El pulpo, las playas, las meigas, la Santa Compaña, el Camino de Santiago y la costumbre de votar al PP son los rasgos que -vistos desde fuera- identifican a Galicia en el imaginario popular. Aún se podrían añadir los contrabandistas, que últimamente trabajan con discreción y ya no salen tanto en los papeles como en la década de los noventa. Pero ahí continúan, como si formasen parte del paisaje.
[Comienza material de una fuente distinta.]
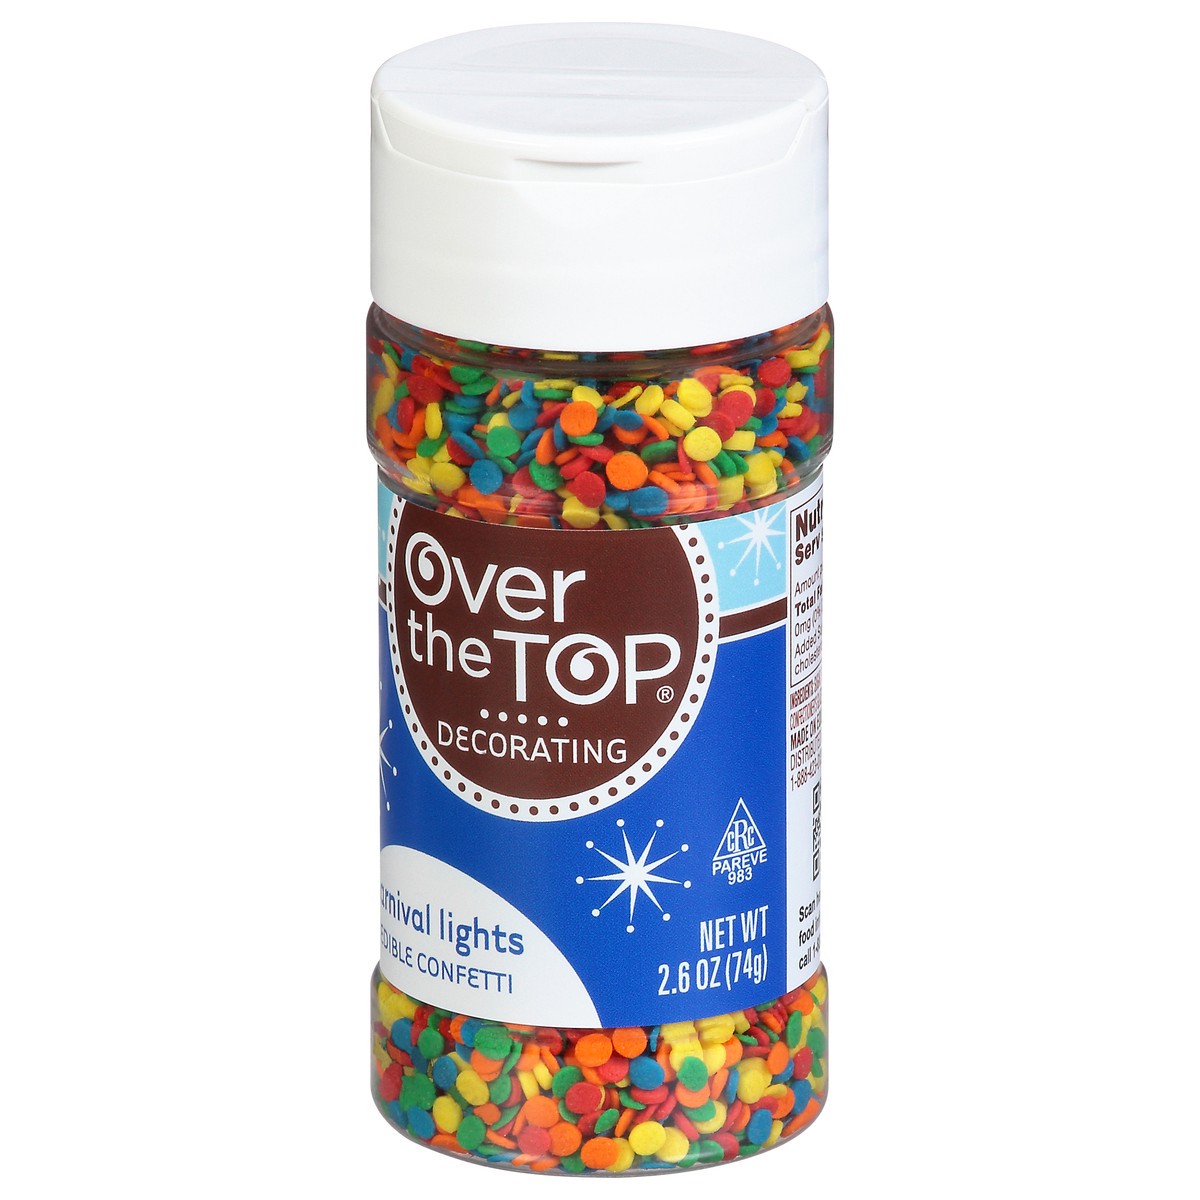 slide 3 of 9, Over The Top Decorating Carnival Lights Edible Confetti 2.6 oz, 2.6 oz
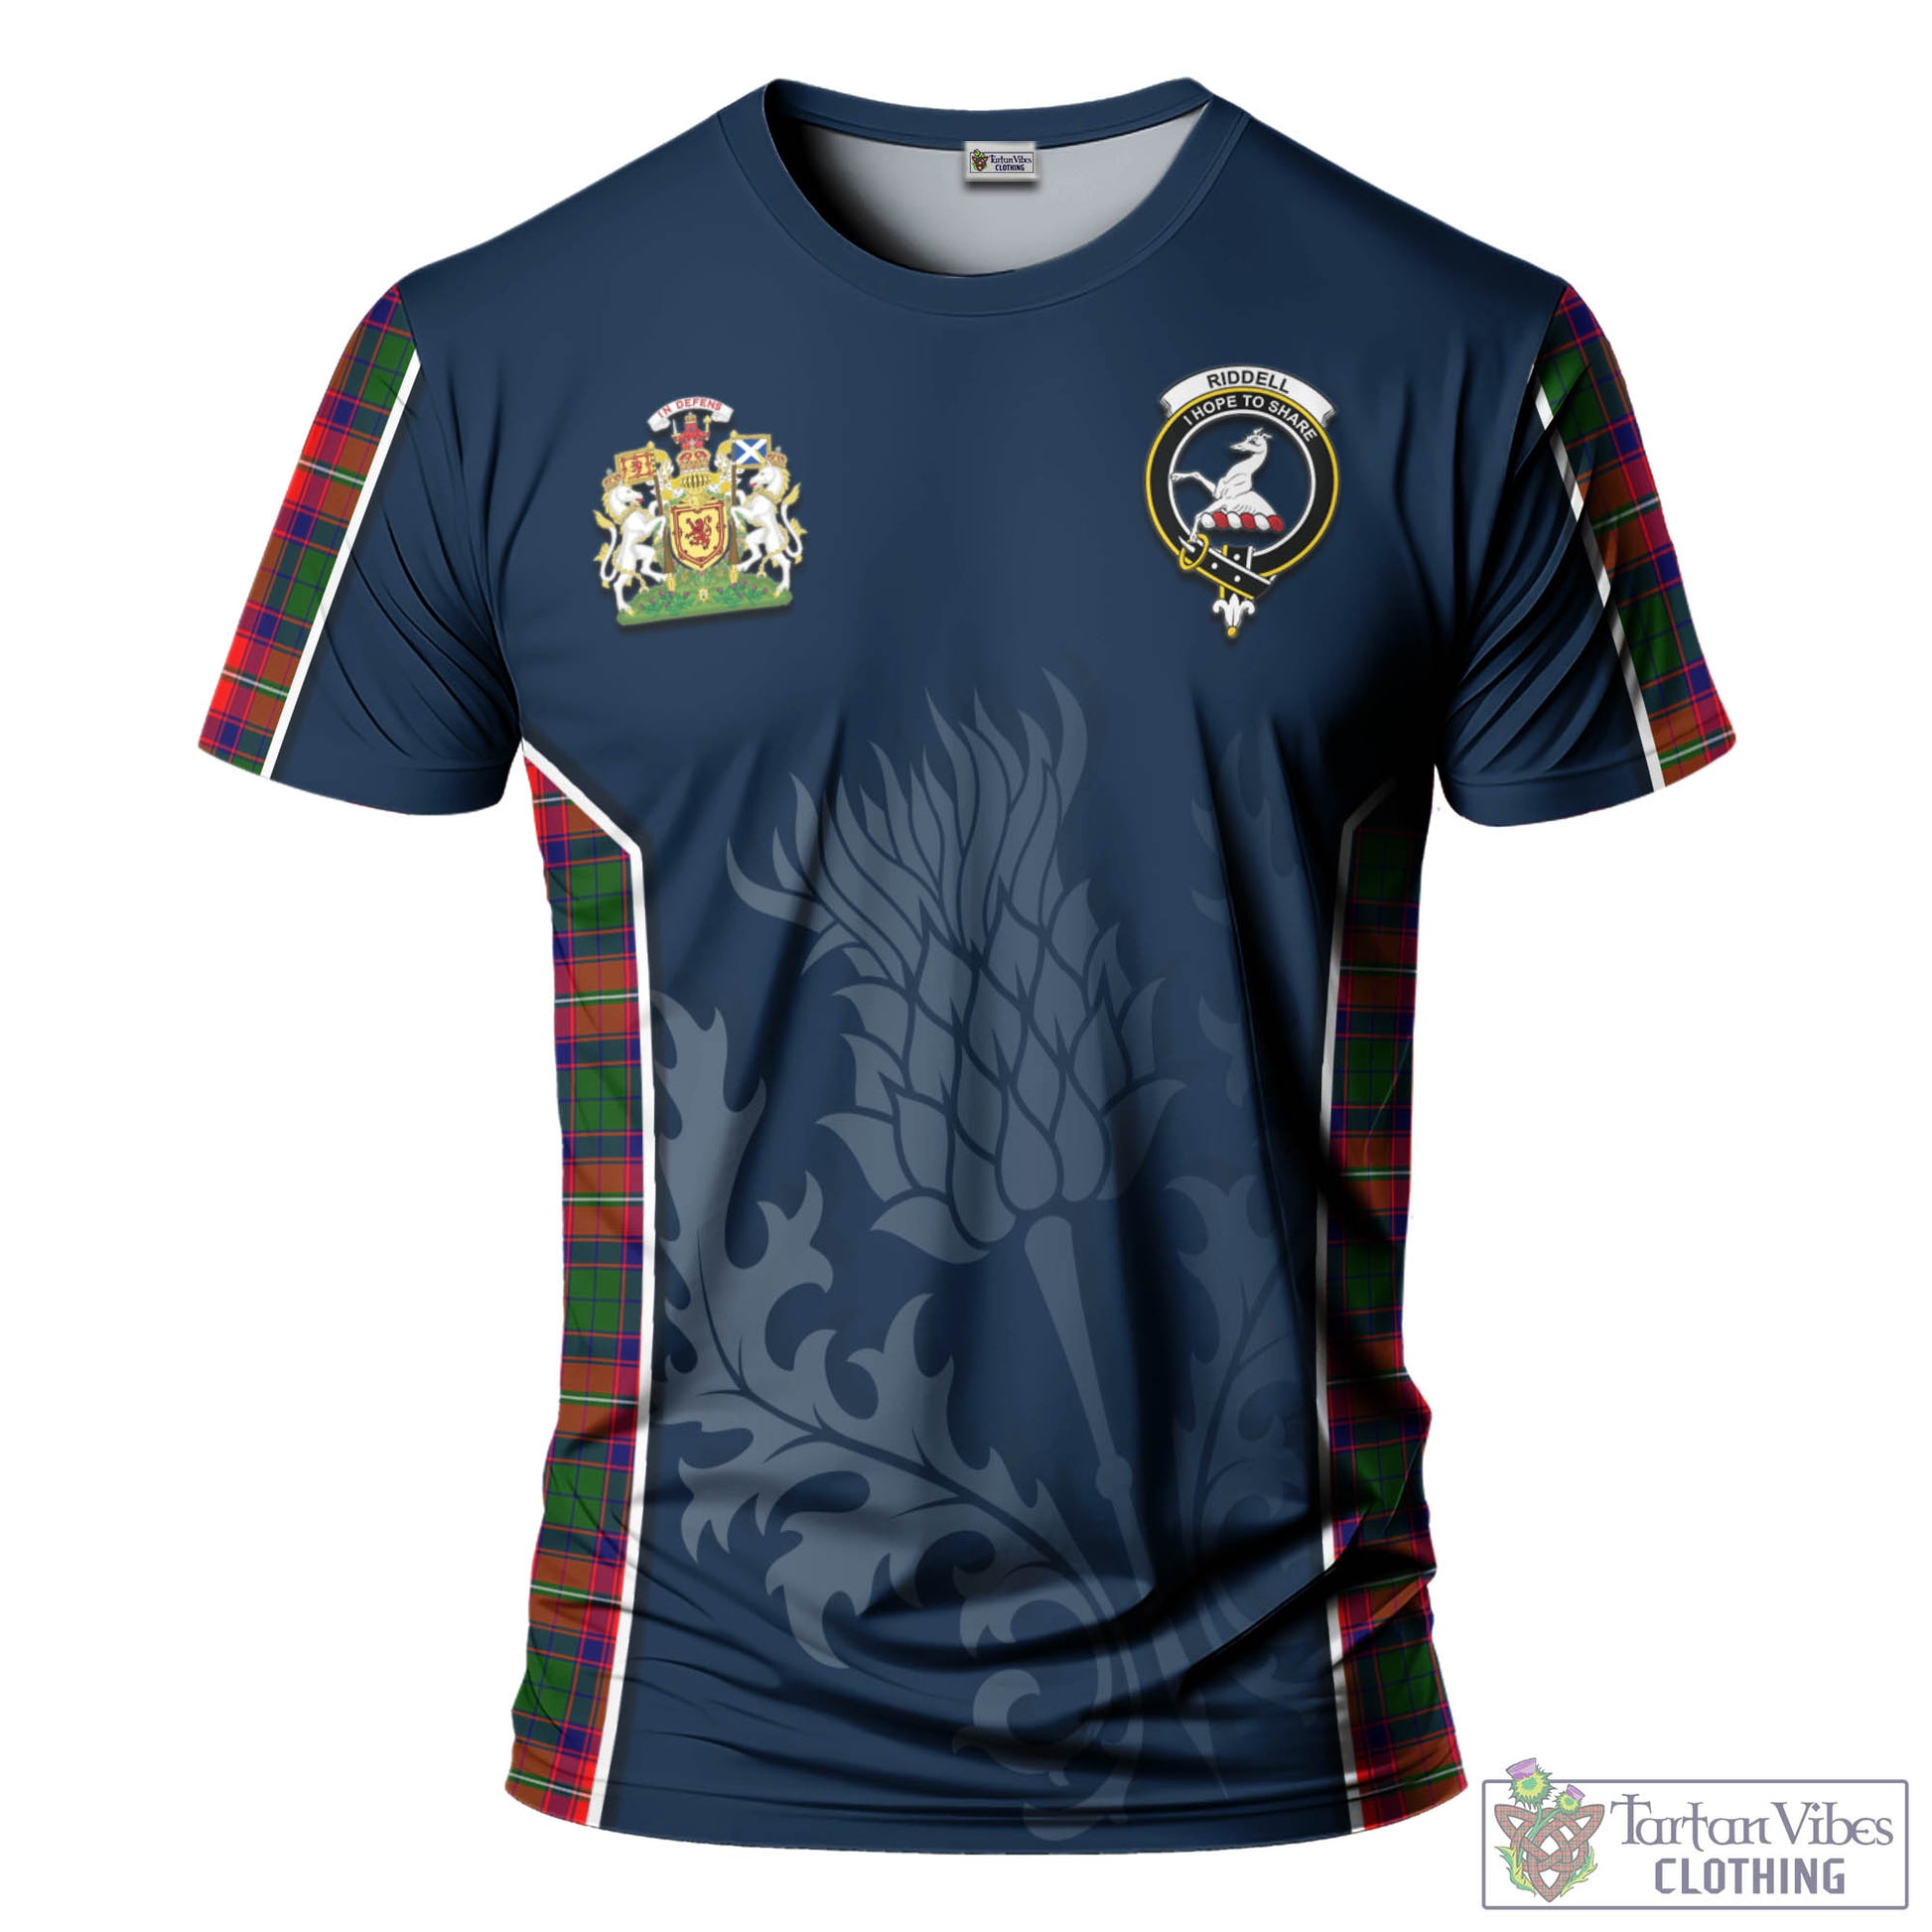 Tartan Vibes Clothing Riddell Tartan T-Shirt with Family Crest and Scottish Thistle Vibes Sport Style

"Extraño país es Galicia", escribió en sus memorias de viaje por España el vendedor de biblias George Borrow, rápidamente rebautizado como Don Jorgito el Inglés. Su asombro obedecía a los imposibles caminos montañosos del país, al indescifrable carácter de los paisanos y a la circunstancia de que los confines de aquel reino estuviesen guardados, allá a mediados del XIX, por una variopinta tropa de forajidos prófugos de la Justicia.

De entonces a hoy, Galicia ha cambiado un mundo y hasta es accesible por anchas autovías; pero no por eso deja de seguir siendo un sitio peculiar. La gente dice una cosa cuando en realidad está afirmando la contraria -que en eso consiste el arte de la ironía-; y, por lo general, tiende a ser escéptica en materias tan sensibles como la política y la religión. No hay espacio para pelearse en un lugar donde rige la máxima de que Dios es bueno, pero no por ello el demonio ha de ser necesariamente malo.

Los gallegos gozan o padecen una merecida fama de templagaitas, lo que no deja de resultar lógico dados los hábitos musicales de la población. Prefieren siempre un mal arreglo a un buen pleito y son más partidarios de la lírica de Rosalía que de la improbable épica de Pondal.

No extrañará, por tanto, que en estas últimas elecciones hayan optado por prescindir de los extremos para centrarse -nunca mejor dicho- en las marcas políticas de toda la vida. La izquierda extremada de Podemos fue barrida sin más del Parlamento, en el que también intentó entrar, sin el menor éxito, la ultraderecha de Vox. Conservadores en el más amplio sentido de la palabra, los electores han optado por desdeñar -tras probarla durante un ratito- la llamada "nueva política" que tanta fuerza conserva aún en el Congreso de los Diputados.

Lo hicieron, además, desafiando al virus de la corona con un inesperado incremento de cinco puntos en la asistencia a las urnas, que habitualmente no suele ser mucha. ¿Quién dijo miedo, habiendo hospitales?

Votaron, como siempre -o tal vez más que nunca- al equipo entrenado por Alberto Núñez Feijoo, que juega sin extremos y por ese indefinido centro del campo tan del gusto de los gallegos. Su segunda opción fue el Bloque Nacionalista, que también se ha arrimado esta vez al centro del campo, por la parte de la izquierda, lo que acaso le haya facilitado la recolección de los votos fugados a partidos menos acordes con la tranquilidad que exige el país a sus políticos.

El resultado es la vuelta a un manejable Parlamento de solo tres contendientes que viene a ser más o menos el mismo de la era anterior a la irrupción de la nueva política con su característico barullo, tan poco agradable al oído de los gallegos de lluvia y calma. La Galicia que tanto asombró a Don Jorgito vuelve a jugar, en fin, sin extremos y con entrenadores que no dan gritos desde la banda. El centrocampismo puede ser aburrido, pero es que el público no está para más sobresaltos.